The National Philharmonic will celebrate the genius of Johannes Brahms at Strathmore with a performance by Grammy and Sphinx Competition award winner, American violinist Melissa White, in “Spirited Brahms.”

White will perform Brahms’ Violin Concerto in D Major, Op. 77 under the baton of Philharmonic Music Director and Conductor Piotr Gajewski. Also on the program is Brahms’ Symphony No. 4 in E Minor, Op. 98, which is stored in its original condition in the U.S. Library of Congress.

But the real buzz has to be the musical genius and skill of White, a founding member of the highly acclaimed New York-based Harlem Quartet and a first-prize laureate in the Sphinx Competition, which encourages, develops, and recognizes classical music talent in the Black and Latino communities.

She also performed on the album “Hot House,” which won Grammy Awards in 2013, as well as performing for the Obamas in the White House.

The concert takes place this weekend, March 17-18 at Strathmore’s Concert Hall with special sessions allowing both adults from the audience and children during a “Meet the Instruments” session to learn more about the performers, classical musical and to explore orchestral instruments from different families (string, wood, brass and percussion).

White’s performances have been hailed for their “panache” by The New York Times and as “bringing a new attitude to classical music, one that is fresh, bracing and intelligent” by The Cincinnati Enquirer.

She holds performance degrees from the Curtis Institute of Music and the New England Conservatory of Music. White’s current instrument, “Matilda,” was commissioned as part of a Sphinx MPower Artist Grant in 2014 by the American violin maker Ryan Soltis.

Meanwhile, Brahms (1833-1897), remains one of the greatest German composers and pianists of the Romantic era, producing symphonies, choral compositions, chamber music and more than 200 songs. His music was more traditional in rhythm and movement than his Romantic contemporaries, aligning him with Classical musicians Haydn, Mozart and Beethoven.

Maestro Gajewski is one of a select group of American conductors equally at home in nearly all musical genres. He is the music director and conductor of the National Philharmonic at the Music Center at Strathmore and a sought-after guest conductor. He was a student and disciple of the late Leonard Bernstein, and is described by The Washington Post as an “immensely talented and insightful conductor, whose standards, taste and sensitivity are impeccable.”

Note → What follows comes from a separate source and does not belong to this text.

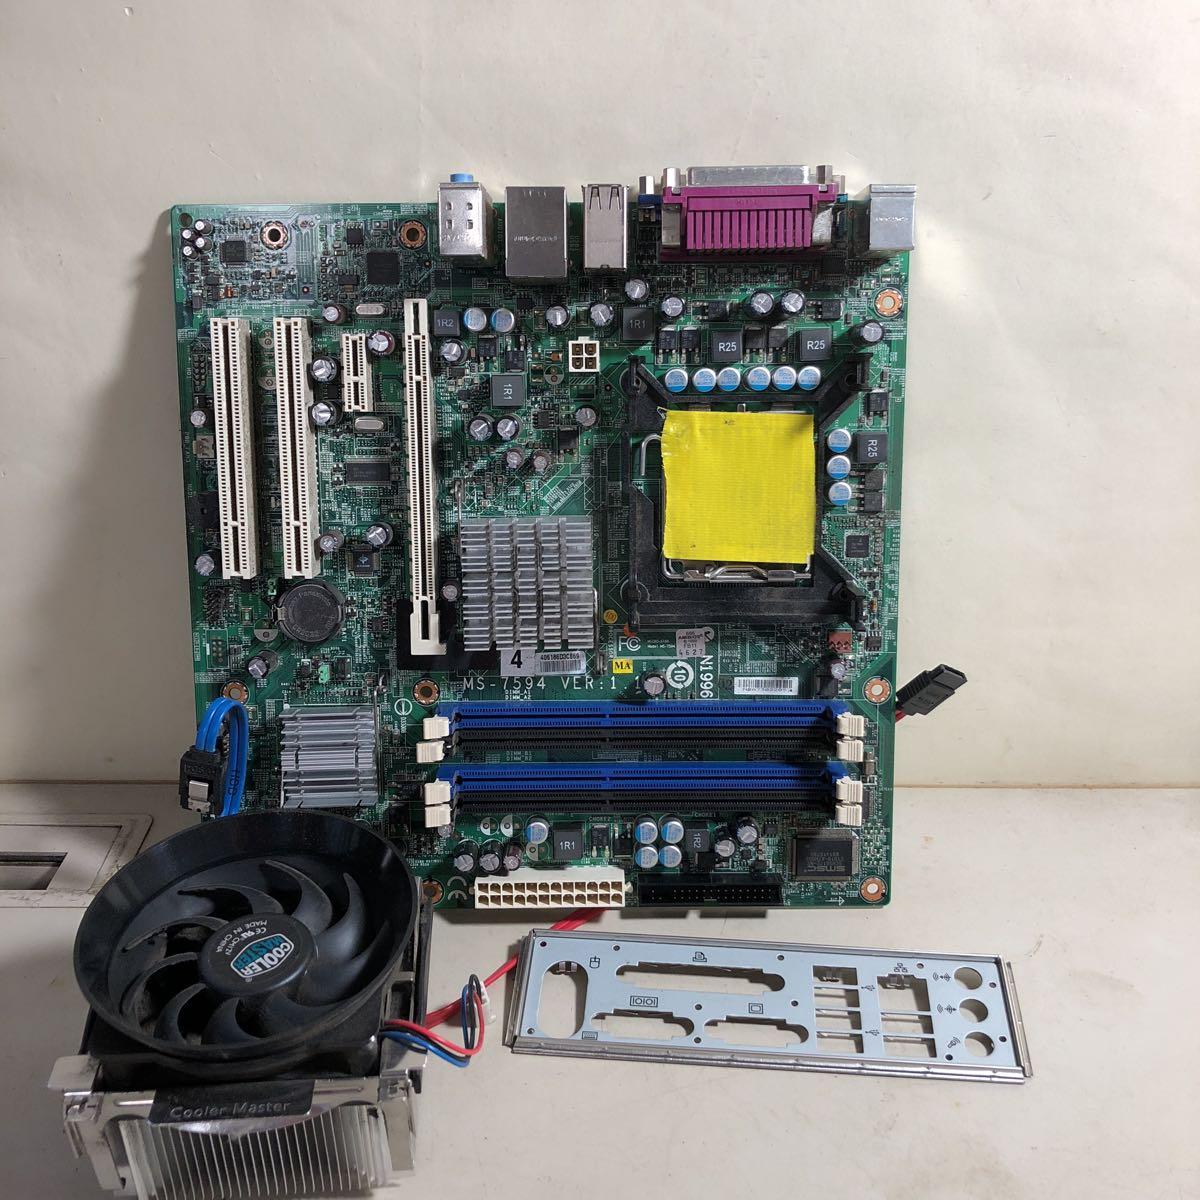 operation guarantee LGA775 MS-7594 Ver1 1 CPU cooler,air conditioner

So, if your appetites have been wet and you want to know more about this tremendous talented violinist — who this writer’s proud to say is also a “sistah,” as well as something about the equally-talented and enigmatic director of the National Philharmonic, go to our spirited interviews with both of them on our website.

We’re sure you will not be disappointed!

D. Kevin McNeir – Senior Editor

Dominic Kevin McNeir is an award-winning journalist with more than 25 years of service for the Black Press (NNPA). Prior to moving East to assist his aging parents in their struggles with Alzheimer’s,...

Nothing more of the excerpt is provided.